Almanacco dei misteri d' Italia


Uno bianca
le notizie del 2005
4 gennaio 2005 - UNO BIANCA: FAMILIARI VITTIME, BENEFICI A KILLER UNA VERGOGNA
ANSA:
UNO BIANCA: FAMIGLIARI VITTIME, BENEFICI A KILLER UNA VERGOGNA
DOPO 14 ANNI BOLOGNA RICORDA CARABINIERI UCCISI AL PILASTRO
Nessuno sconto di pena e nessun perdono per gli assassini della banda della Uno bianca. Prima che le parole muoiano fra le lacrime, Annamaria Stefanini, mamma di uno dei tre carabinieri trucidati al Pilastro, quartiere alla periferia di Bologna, la sera del 4 gennaio 1991, ripete il suo no: "I benefici di legge sarebbero una vergogna. Io sono cristiana, ma non li perdonero' mai: non ce la faccio".
Da tredici anni questa donna rivive il suo strazio mentre i colleghi del figlio depongono le corone di fiori sul monumento che ricorda l'eccidio: "Non so se in un altro Paese si sentirebbero questi discorsi - risponde a chi gli domanda degli eventuali sconti di pena ai criminali della Uno bianca - ma penso che questi benefici non sarebbero giusti. Non c'e' stato neppure un segno di pentimento. Ma quale buona condotta? Mi auguro che non escano mai e che paghino per quello che hanno fatto. Mio figlio aveva 22 anni e tre mesi, quando lo uccisero: era un piccolo cucciolo, e loro me lo hanno tolto per sempre".
Otello Stefanini, Mauro Mitilini e Andrea Moneta, anch'essi poco piu' che ventenni, mentre erano di pattuglia furono trucidati dai tre fratelli Savi, Roberto, Alberto e Fabio (i primi due erano poliziotti), tutti poi condannati all'ergastolo. In sette anni, fra il giugno 1987 e il novembre 1994, la banda della Uno bianca, uccise 24 persone e ne feri' un centinaio, durante assalti a caselli autostradali, uffici postali, banche e supermercati, fra Bologna, la Riviera e le Marche.

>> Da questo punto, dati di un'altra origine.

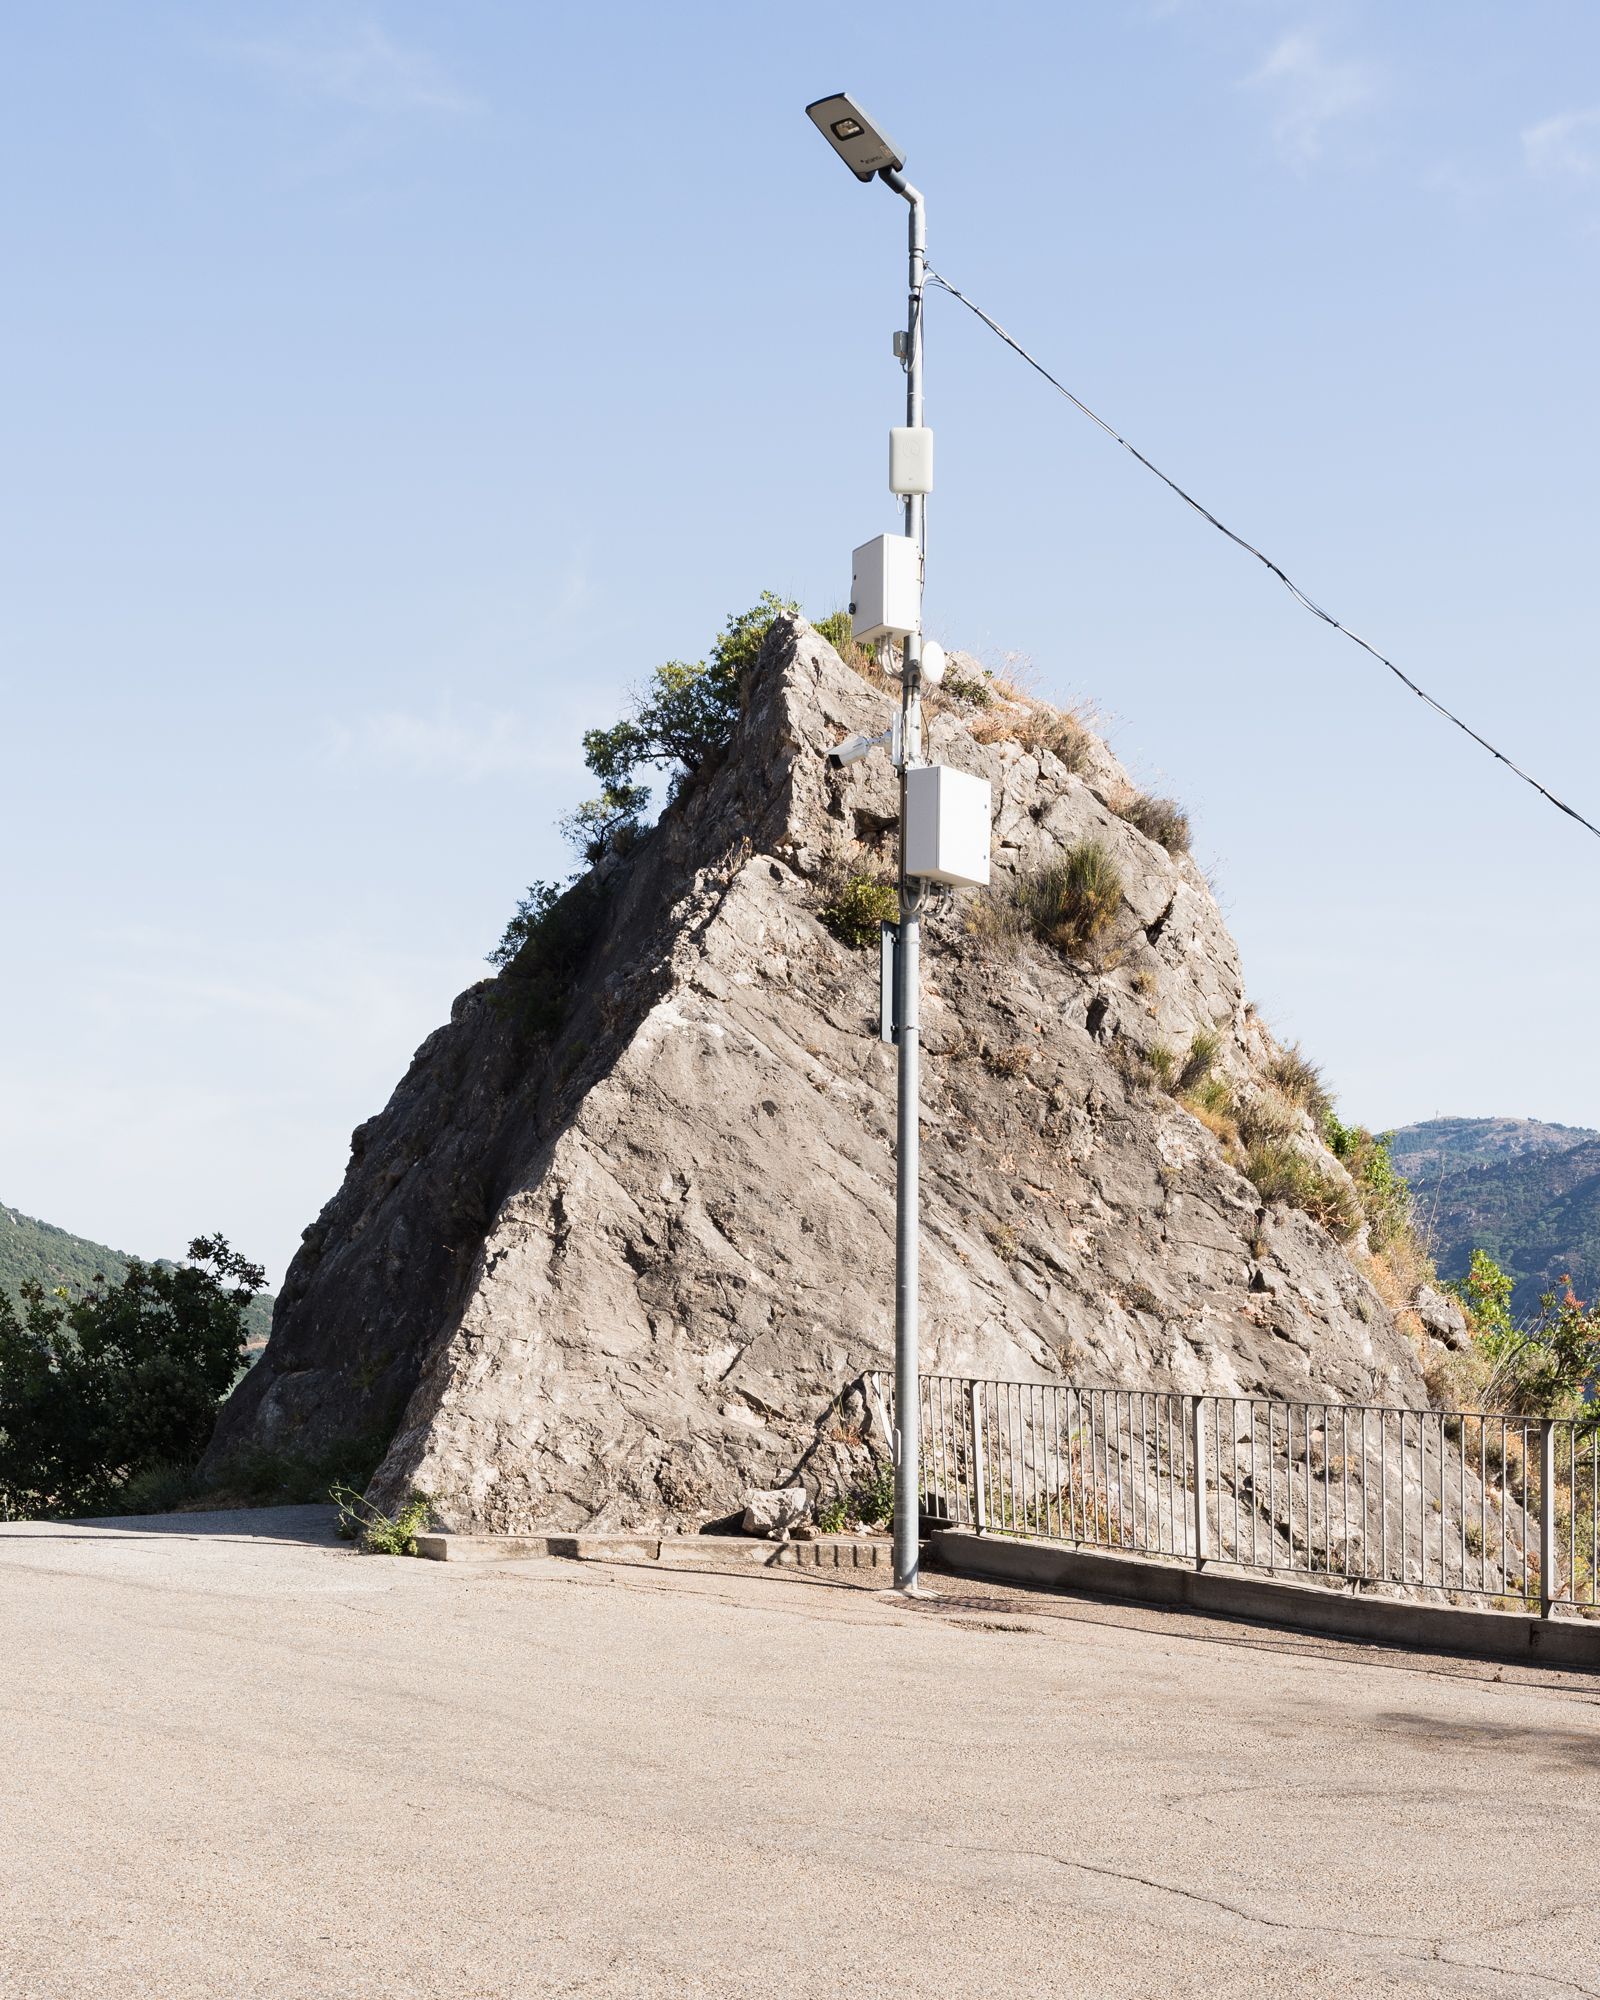 © Guglielmo Cherchi - Image from the Stones Should Never Be Placed Carelessly photography project

Alla deposizione delle corone di fiori, preceduta da una messa, con Annamaria Stefanini c'erano circa 250 bolognesi, insieme a decine di carabinieri, e a molti rappresentanti delle istituzioni: il presidente della Provincia Beatrice Draghetti, il vicesindaco Adriana Scaramuzzino, il presidente del Consiglio regionale Antonio La Forgia e il vice presidente della Giunta dell'Emilia-Romagna Flavio Delbono. "Si dice che non si muore davvero finche' non si e' dimenticati - aggiunge la donna - e qui vedo tanta gente, senza la quale non saprei come sarebbe la mia vita".
L'eta' e il dolore hanno da anni fermato lontano da Bologna i genitori di Moneta e Mitilini che pero' ricordano i figli, rispettivamente a Civitavecchia e in provincia di Caserta, con una messa cui partecipano sempre militari dell'Arma. "Anche loro sono distrutti dal dolore e ogni anno, il 4 gennaio, mi telefonano sempre", racconta Rosanna Zecchi, presidente dell' associazione dei famigliari delle vittime della banda della Uno bianca.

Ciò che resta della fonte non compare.